Autologging support for vanilla PyTorch (i.e., models that only subclass torch.nn.Module) only autologs calls to torch.utils.tensorboard.SummaryWriter’s add_scalar and add_hparams methods to mlflow.

Based on this, I assumed that even with vanilla PyTorch, the add_scalar and add_hparams methods would be automatically executed with autologging.
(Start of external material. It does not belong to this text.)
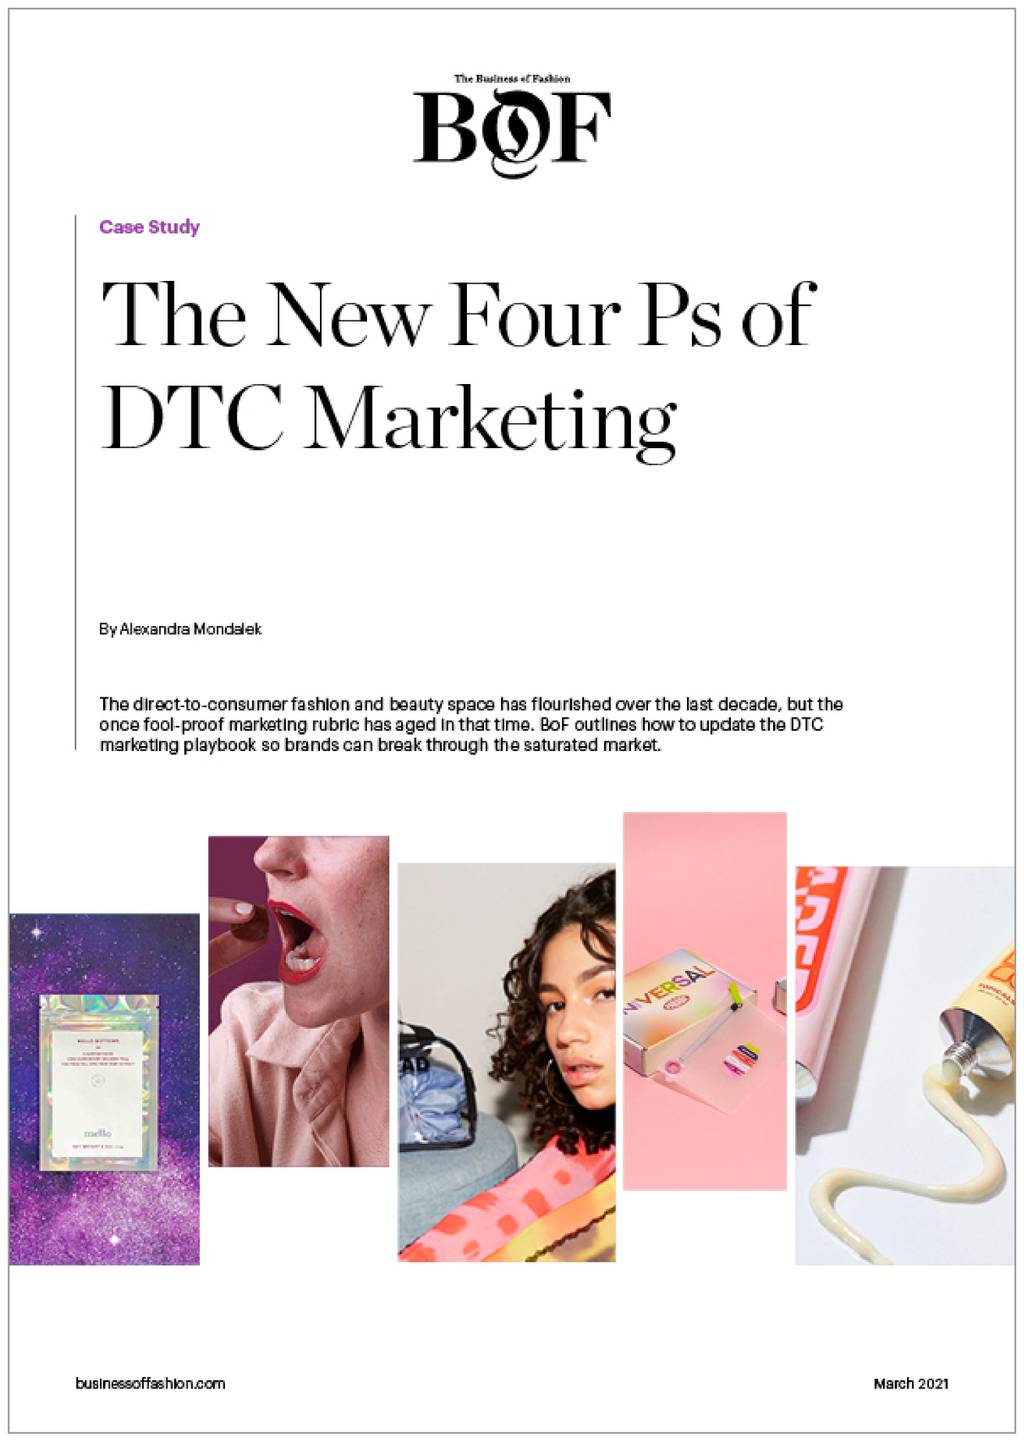 DTC marketing case study portrait

Therefore, I ran the following sample code, but nothing was recorded in MLflow:

import torch
import torch.nn as nn
import torch.optim as optim
import torchvision
import torchvision.transforms as transforms
import mlflow

mlflow.autolog()

transform = transforms.Compose([transforms.ToTensor(), transforms.Normalize((0.5,), (0.5,))])
trainset = torchvision.datasets.FashionMNIST(root='./data', train=True, download=True, transform=transform)
trainloader = torch.utils.data.DataLoader(trainset, batch_size=4, shuffle=True)


class Net(nn.Module):
    def __init__(self):
        super(Net, self).__init__()
        self.fc1 = nn.Linear(28 * 28, 128)
        self.fc2 = nn.Linear(128, 64)
        self.fc3 = nn.Linear(64, 10)

    def forward(self, x):
        x = x.view(-1, 28 * 28)
        x = torch.relu(self.fc1(x))
        x = torch.relu(self.fc2(x))
        x = self.fc3(x)
        return x


net = Net()

criterion = nn.CrossEntropyLoss()
optimizer = optim.SGD(net.parameters(), lr=0.01, momentum=0.9)

for epoch in range(2):
    running_loss = 0.0
    for i, data in enumerate(trainloader, 0):
        inputs, labels = data
        optimizer.zero_grad()
        outputs = net(inputs)
        loss = criterion(outputs, labels)
        loss.backward()
        optimizer.step()
        running_loss += loss.item()
        if i % 2000 == 1999:
            print(f'[{epoch + 1}, {i + 1}] loss: {running_loss / 2000}')
            running_loss = 0.0

Is there something I'm doing wrong?

I experimented with the following versions:

  • mlflow==2.11.1 (latest)
  • torch==2.2.1
  • torchvision==2.2.1
  • tensorboard==2.16.2
0

There are 0 answers